- ENTRIES SUPPLIED:
★ ★ ★

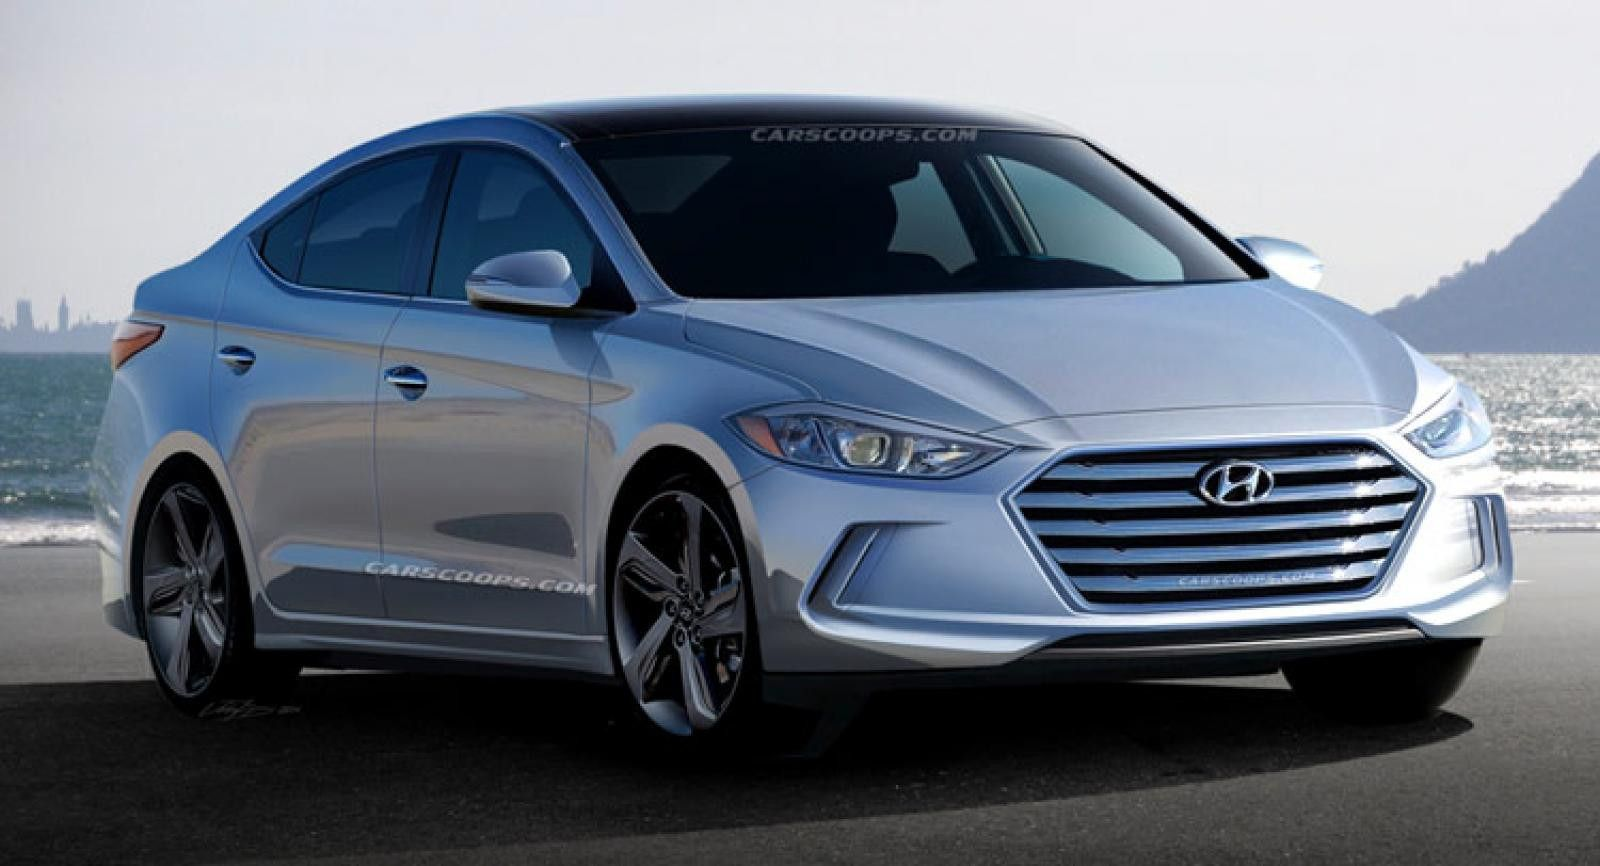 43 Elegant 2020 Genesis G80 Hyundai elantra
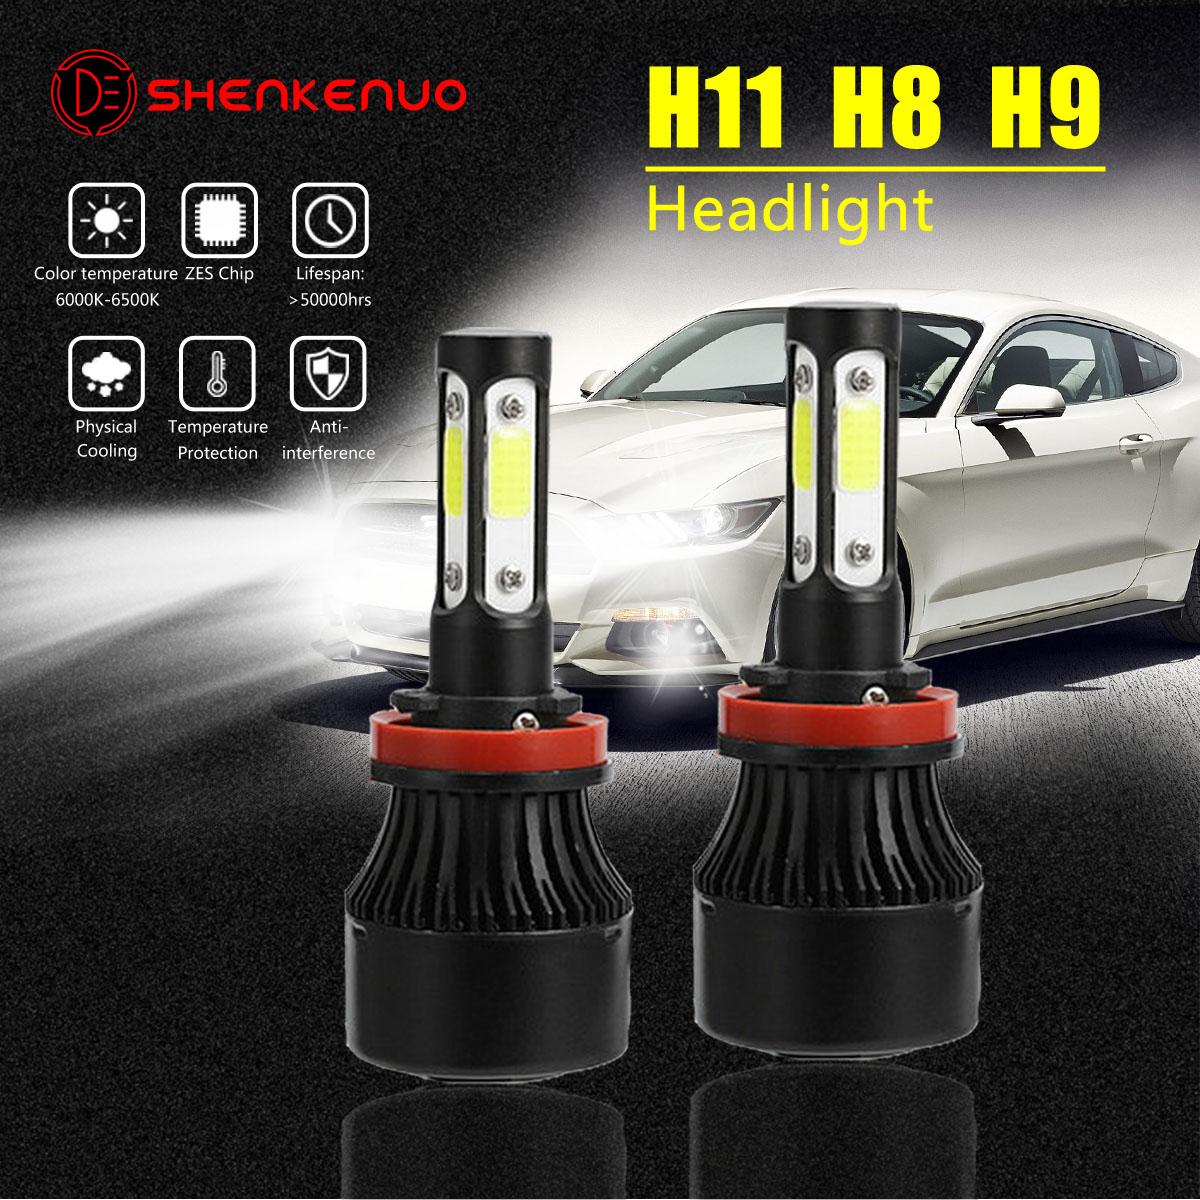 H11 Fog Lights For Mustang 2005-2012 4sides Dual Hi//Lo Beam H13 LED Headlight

★ ★ ★

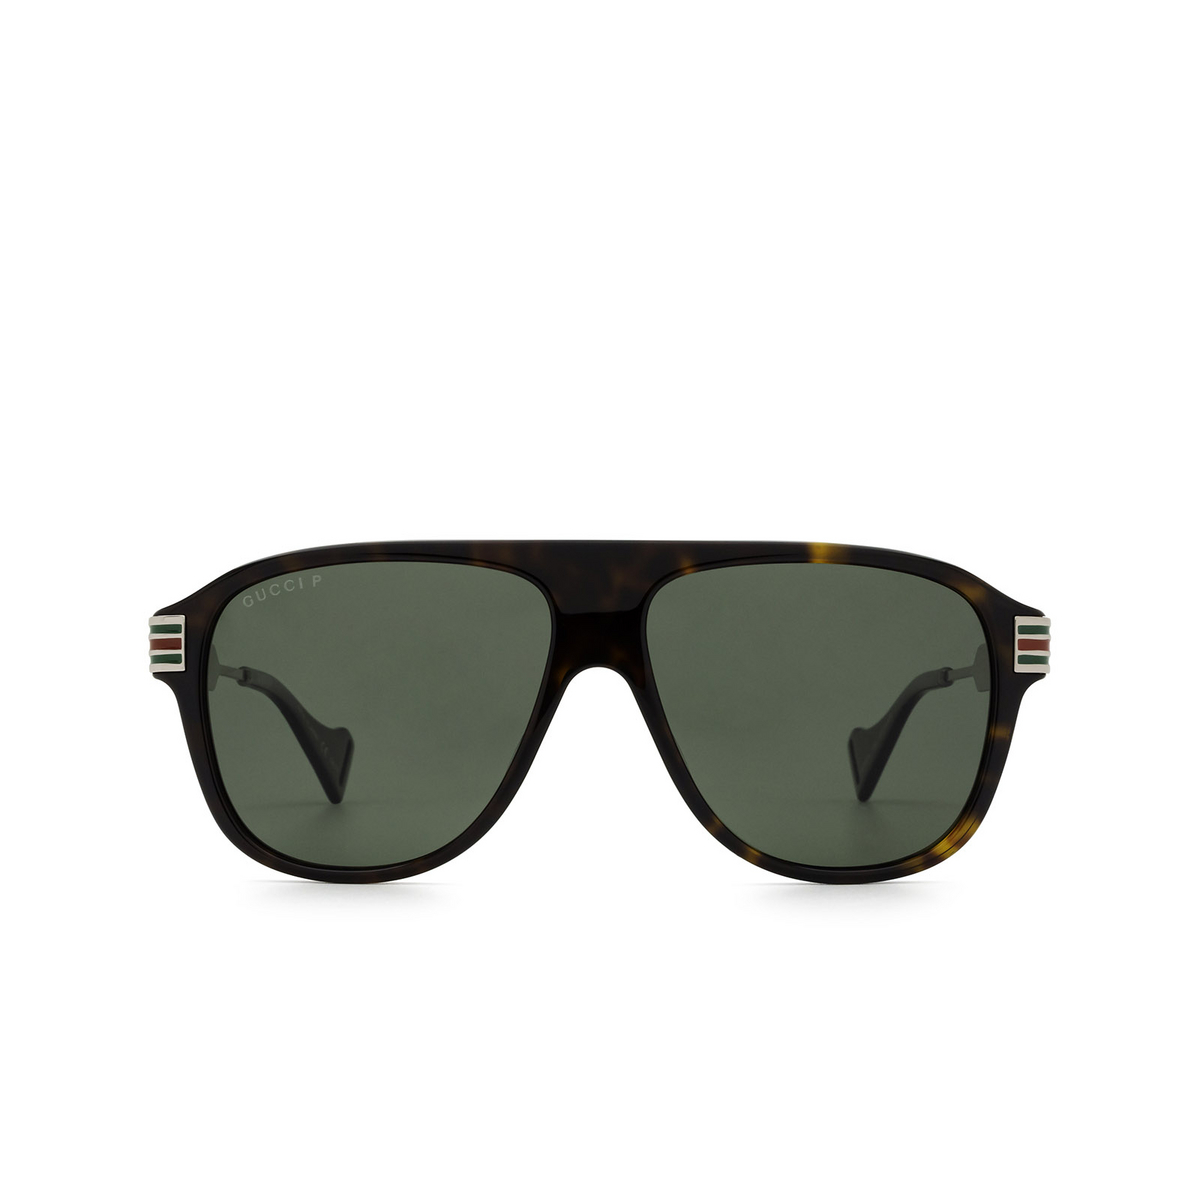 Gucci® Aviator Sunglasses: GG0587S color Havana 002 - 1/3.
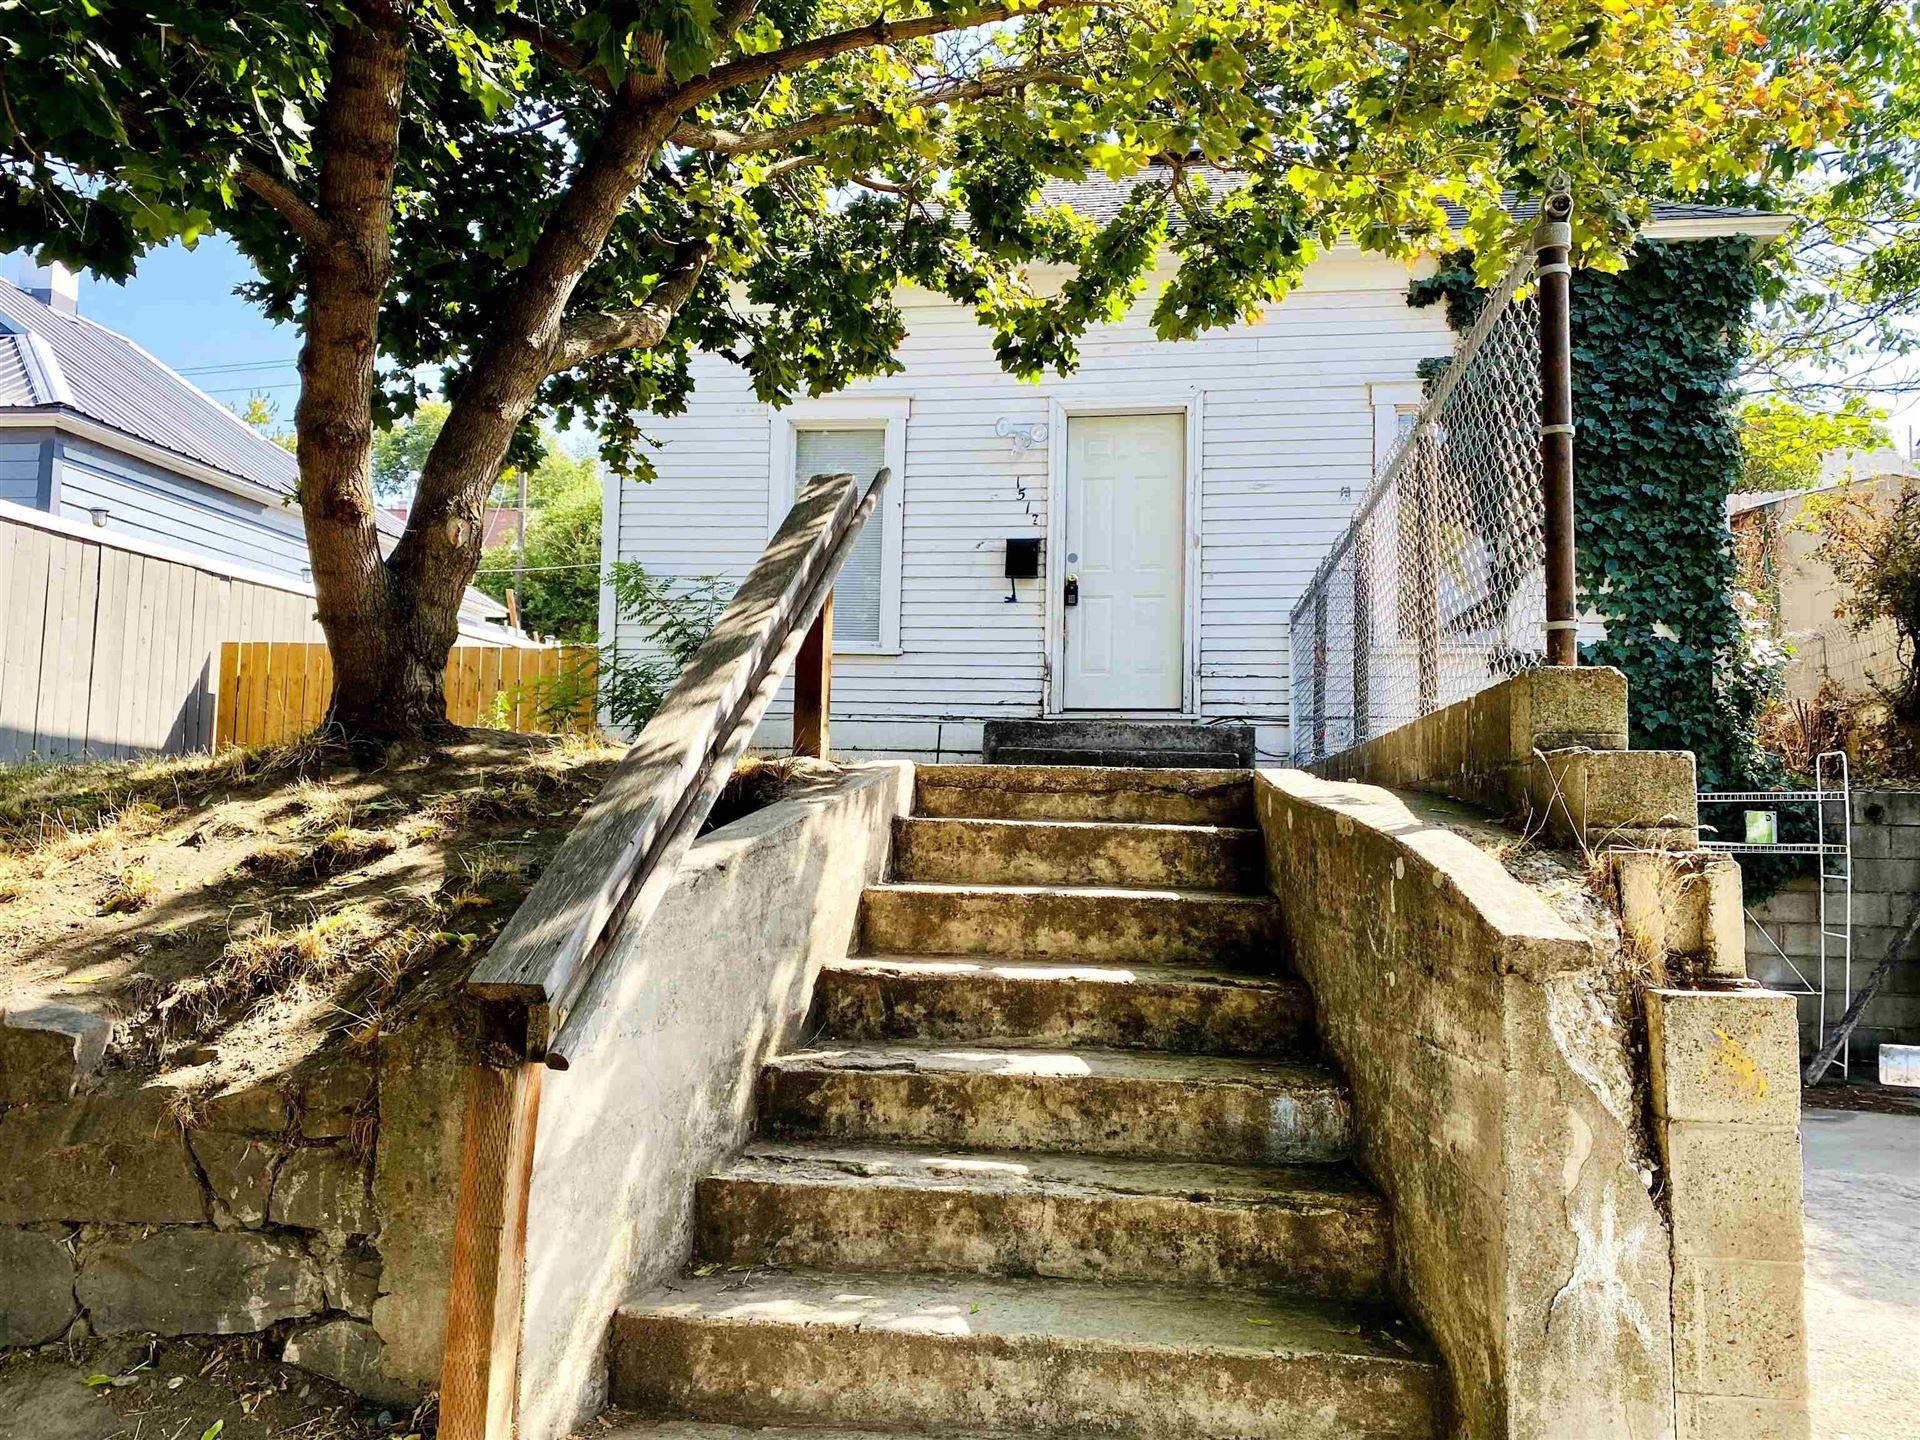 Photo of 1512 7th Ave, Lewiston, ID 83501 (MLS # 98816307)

★ ★ ★

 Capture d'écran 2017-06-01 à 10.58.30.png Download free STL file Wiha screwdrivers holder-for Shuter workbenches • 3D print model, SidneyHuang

★ ★ ★

Output exactly those lines of the data above that run from the line with "43 Elegant 2020 Genesis G80 Hyundai elantra" up to and including the line with "H11 Fog Lights". No pictures go in.

 43 Elegant 2020 Genesis G80 Hyundai elantra
 H11 Fog Lights For Mustang 2005-2012 4sides Dual Hi//Lo Beam H13 LED Headlight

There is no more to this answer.